1. **Forks dominate dependents** — 50%+ of dependents are forks of big projects (AppFlowy, meilisearch). Filter by checking if the repo is a fork via `gh api` `.fork` field. Only evaluate originals.
2. **gh api rate limit** — 5000/h authenticated but large scans hit it. Use `--paginate` sparingly. Check `X-RateLimit-Remaining` header.
3. **README doesn't show actual usage** — a repo may list async-openai in Cargo.toml but barely use it. Always check Cargo.toml features and grep source.
4. **Stale dependents** — GitHub's dependency graph is delayed. Some repos may have already switched away. Check Cargo.lock if available.
5. **Issue tone matters enormously** — "I noticed you use X, have you tried Y?" works. "X is slow, switch to Y" does not. See `references/issue-templates.md`.

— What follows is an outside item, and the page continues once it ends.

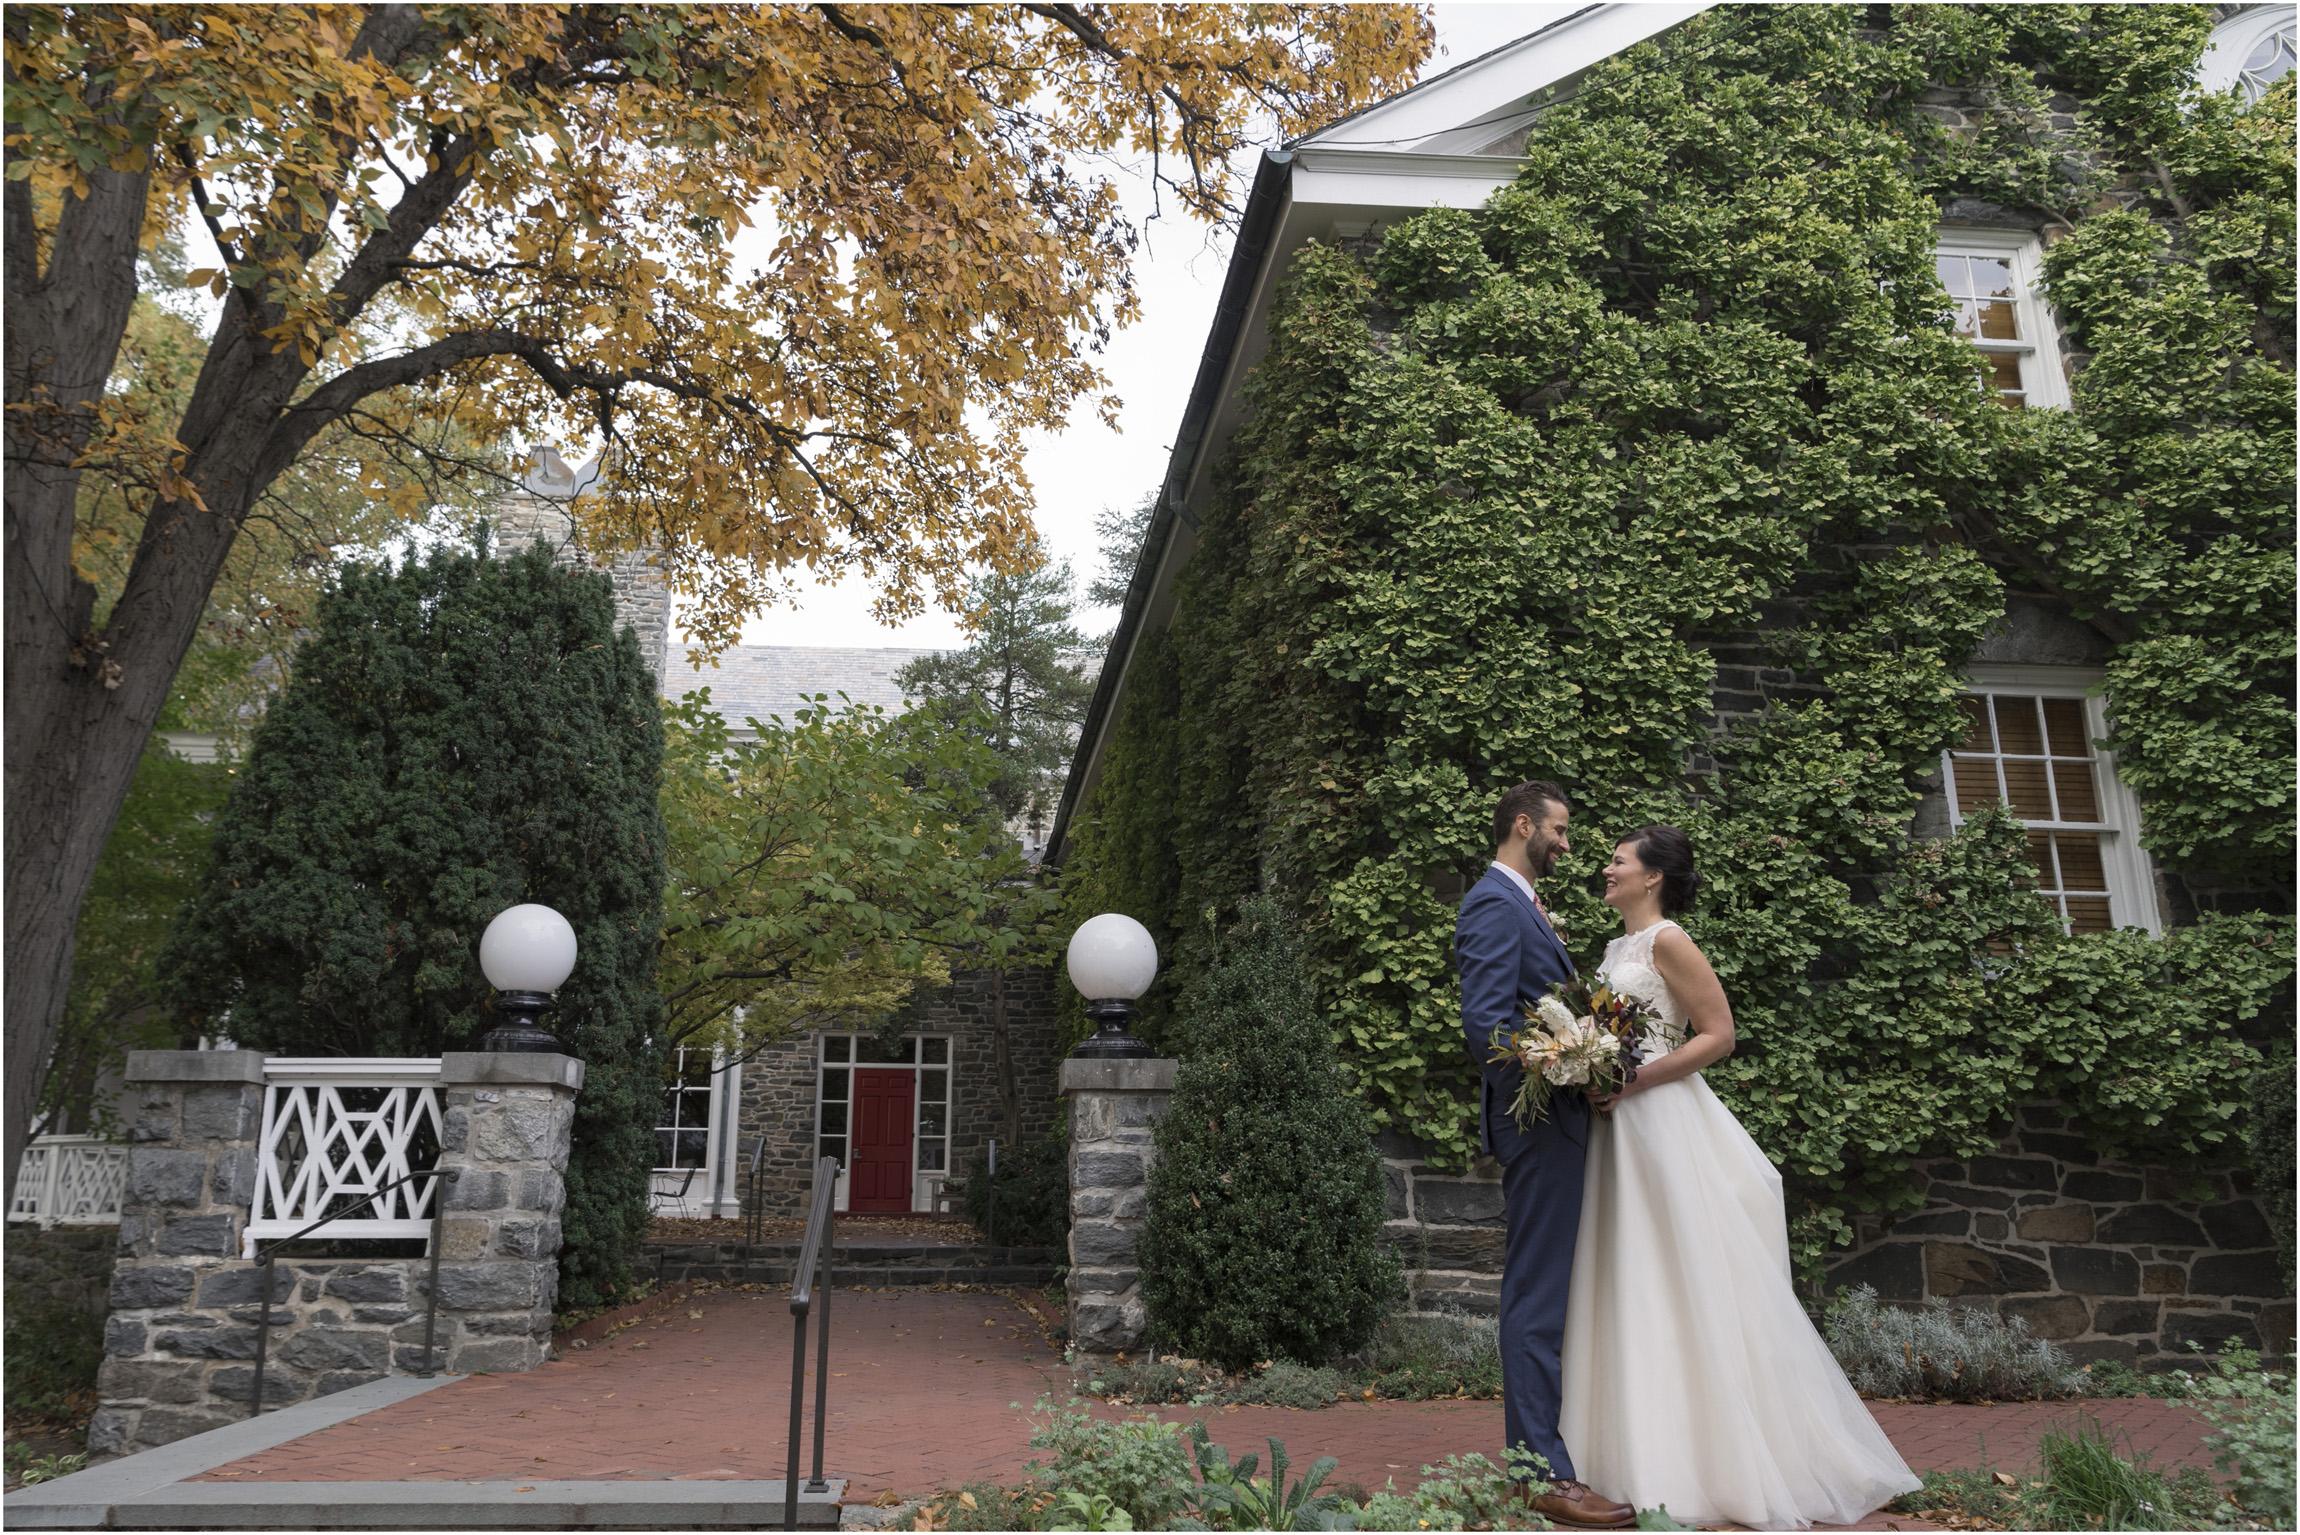 ©FianderFoto_Melissa_Mark_Wedding_Maryland_018.jpg

6. **Competitor forks are the strongest signal** — if a repo uses `git = "..."` instead of crates.io, they forked the competitor because it's missing something. Check the fork diff (usually 1-3 commits). If they added a feature we already have, that's our #1 pitch — "drop your fork, we have it built-in." Example: fastrepl/char forked async-openai to add schemars → our `structured` feature does exactly that.